GIVEN INFORMATION =>

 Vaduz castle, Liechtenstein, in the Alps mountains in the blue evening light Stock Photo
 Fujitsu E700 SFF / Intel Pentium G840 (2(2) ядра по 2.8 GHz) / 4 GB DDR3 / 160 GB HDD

---

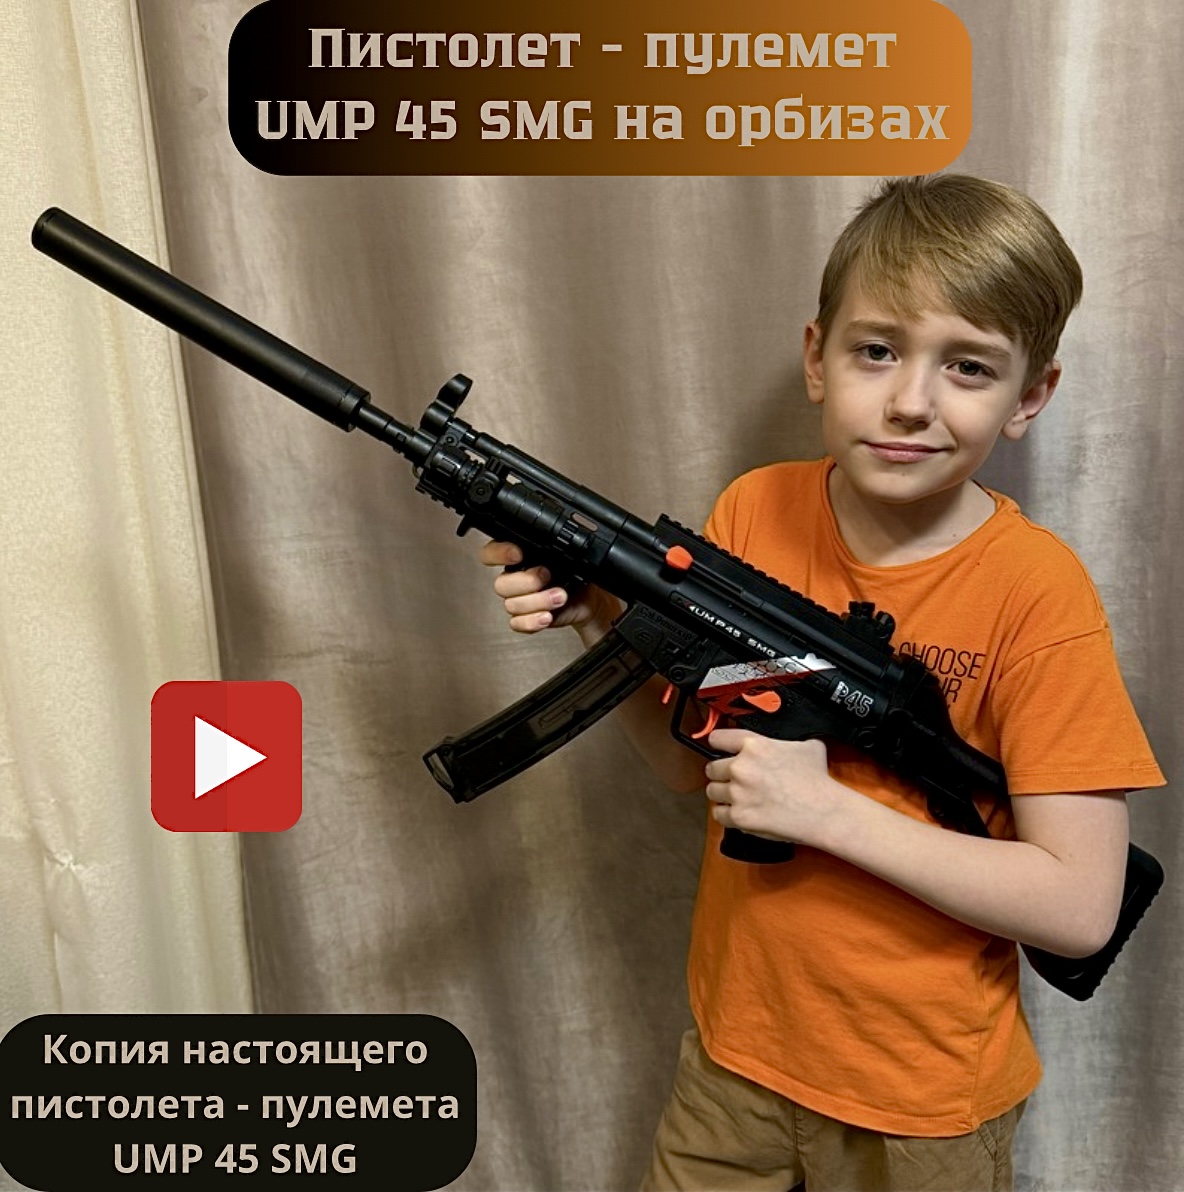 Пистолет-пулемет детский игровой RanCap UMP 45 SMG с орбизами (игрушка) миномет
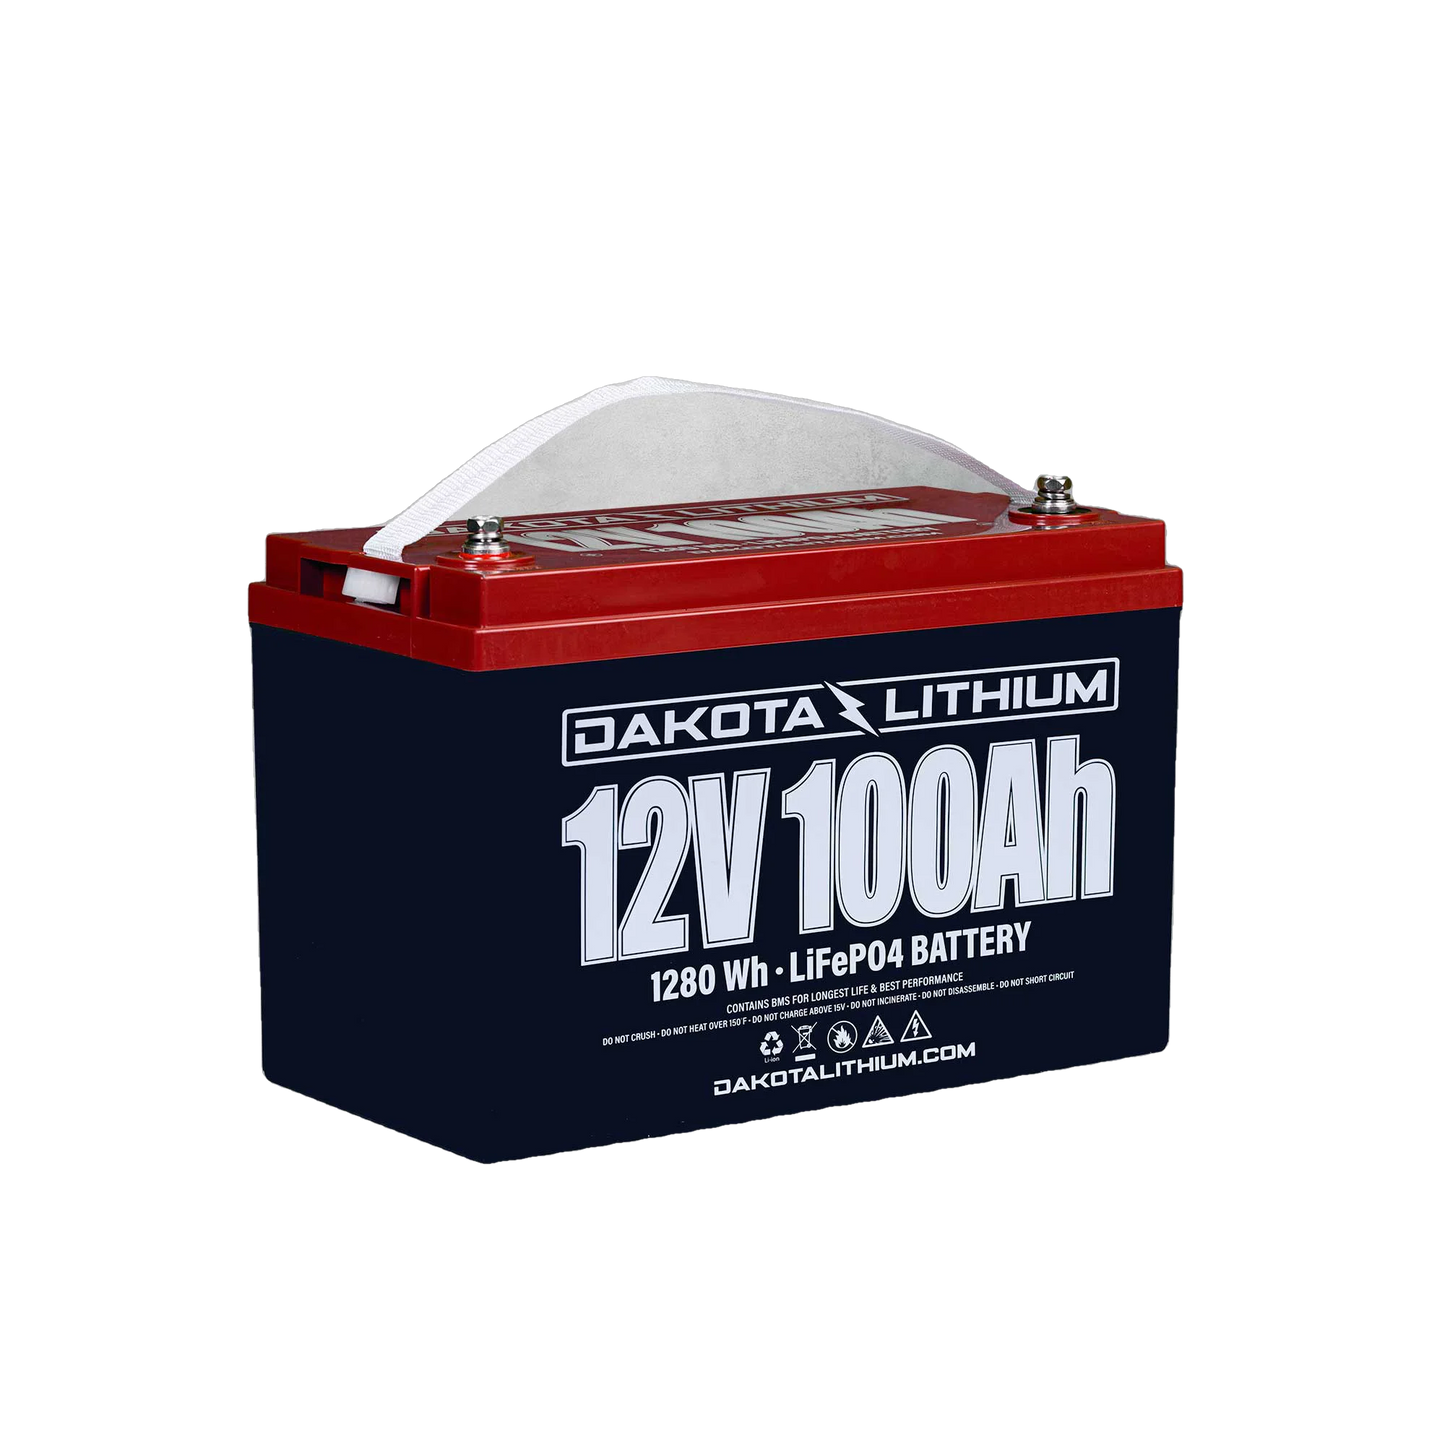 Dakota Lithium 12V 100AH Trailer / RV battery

==

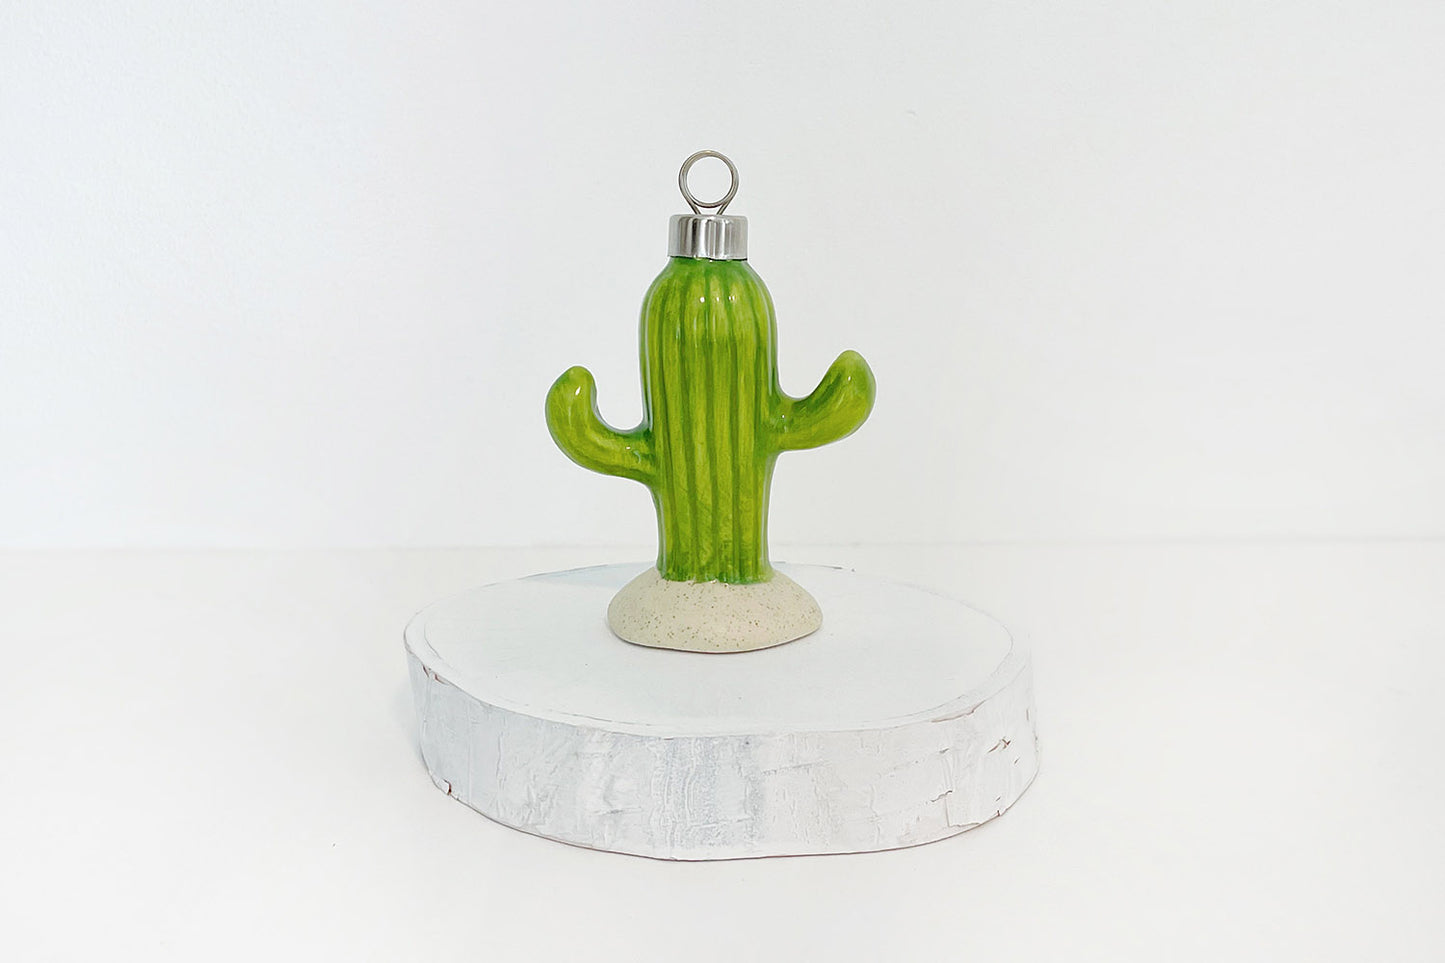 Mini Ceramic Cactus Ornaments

WHAT THE TASK ASKS => Copy the stretch of the records above that runs from the line with "Vaduz castle, Liechtenstein, in" through the line with "Fujitsu E700 SFF". Both end lines belong in the copy, and nothing else does.

WRITTEN SOLUTION =>
 Vaduz castle, Liechtenstein, in the Alps mountains in the blue evening light Stock Photo
 Fujitsu E700 SFF / Intel Pentium G840 (2(2) ядра по 2.8 GHz) / 4 GB DDR3 / 160 GB HDD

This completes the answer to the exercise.